Das müssen Sie erklären.

Der französische Präsident hat keine repräsentative Rolle wie der deutsche Präsident, er ist wirklich der Staatschef. Aber er braucht die Mehrheit in der Nationalversammlung, um regieren zu können. Und er hat längst nicht mehr so viel Macht wie noch de Gaulle. Wir haben einen viel mächtigeren Verfassungsrat als früher, eine präsentere EU, mehr Dezentralisierung, einflussreiche private Medien. Stellen wir uns die Krise der Gilets jaunes unter de Gaulle vor: Der hätte damals seinen Innenminister angerufen und ihm gesagt, dass die Leute vom Kreisverkehr runtersollen, und man hätte nie wieder darüber gesprochen. Die Medien zeichnen heute das Bild eines übermächtigen Präsidenten, der eigentlich nur ein übermediatisierter Präsident ist.

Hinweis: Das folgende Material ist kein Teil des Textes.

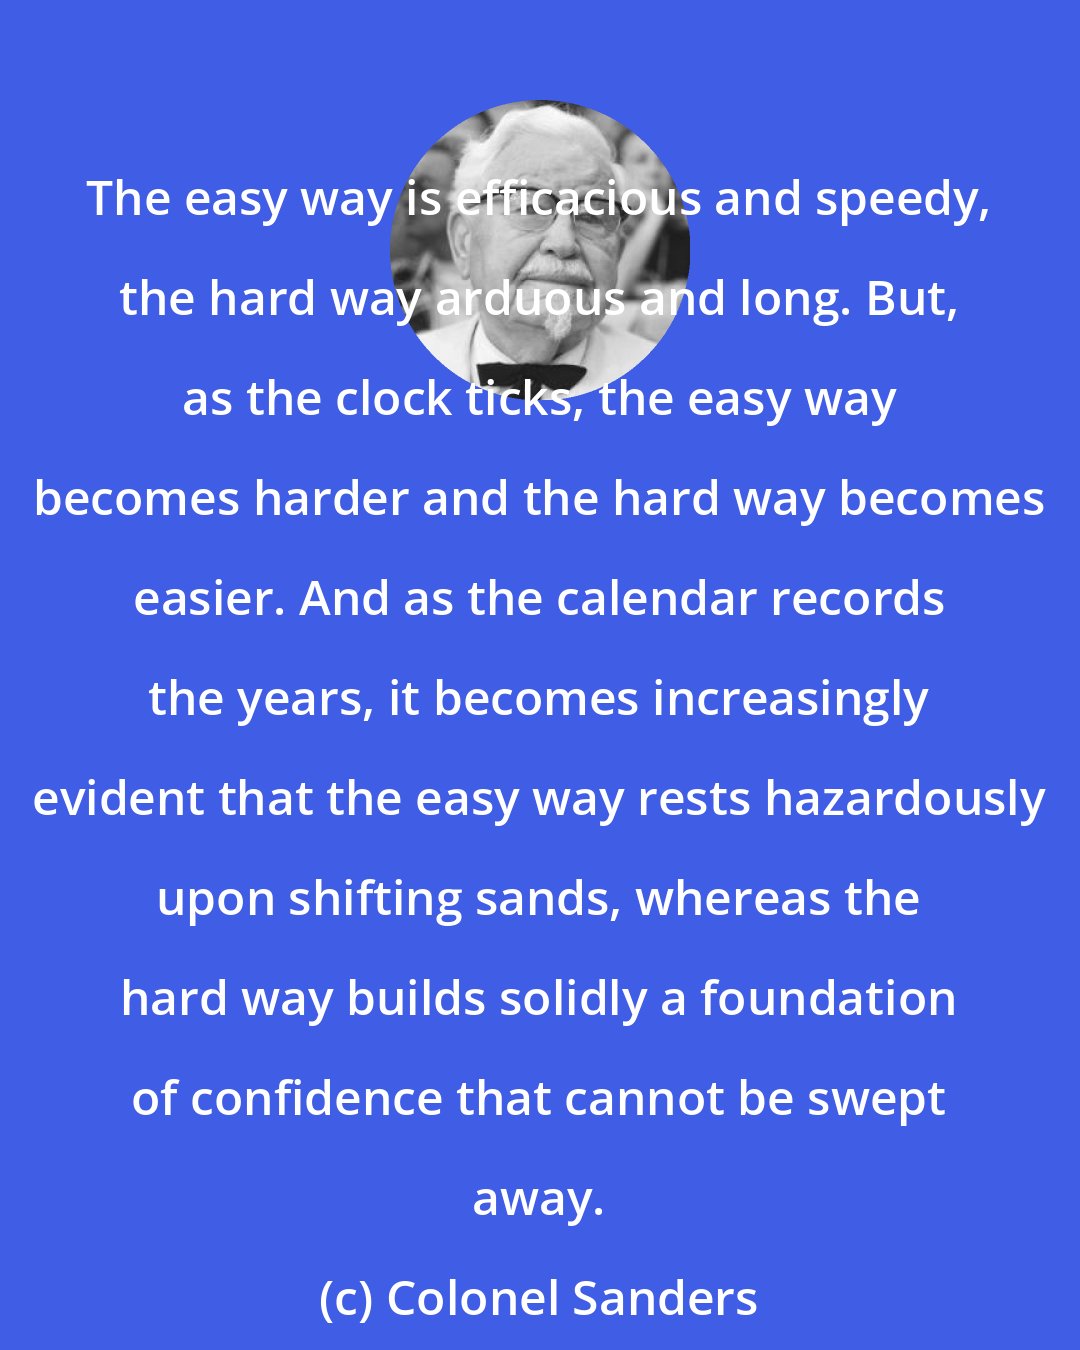 Colonel Sanders: The easy way is efficacious and speedy, the hard way arduous and long. But, as the clock ticks, the easy way becomes harder and the hard way becomes easier. And as the calendar records the years, it becomes increasingly evident that the easy way rests hazardously upon shifting sands, whereas the hard way builds solidly a foundation of confidence that cannot be swept away.

Alle Nachrichten im Überblick
:SZ am Morgen & Abend Newsletter

Alle Meldungen zur aktuellen Situation in der Ukraine und weltweit - im SZ am Morgen und SZ am Abend. Unser Nachrichten-Newsletter bringt Sie zweimal täglich auf den neuesten Stand. Hier kostenlos anmelden.

Aber der Präsident kann die Nationalversammlung auflösen, den Premierminister bestimmen und ist der Armeechef. Wie kam es dazu?

Das ist der Wille des Gründungsvaters der Fünften Republik. De Gaulle wollte 1958 das "Regime der Parteien" beenden, weil in der Vierten Republik die Parteien die Regierung daran hinderten zu regieren. Er wollte eine Exekutive, die nicht von den Parteien abhängt. De Gaulle selbst hatte eine historische Legitimität, weil er Frankreich in der Zeit des Nationalsozialismus gerettet hatte. Mit der direkten Volkswahl des Präsidenten wollte er die Legitimität seiner Nachfolger absichern.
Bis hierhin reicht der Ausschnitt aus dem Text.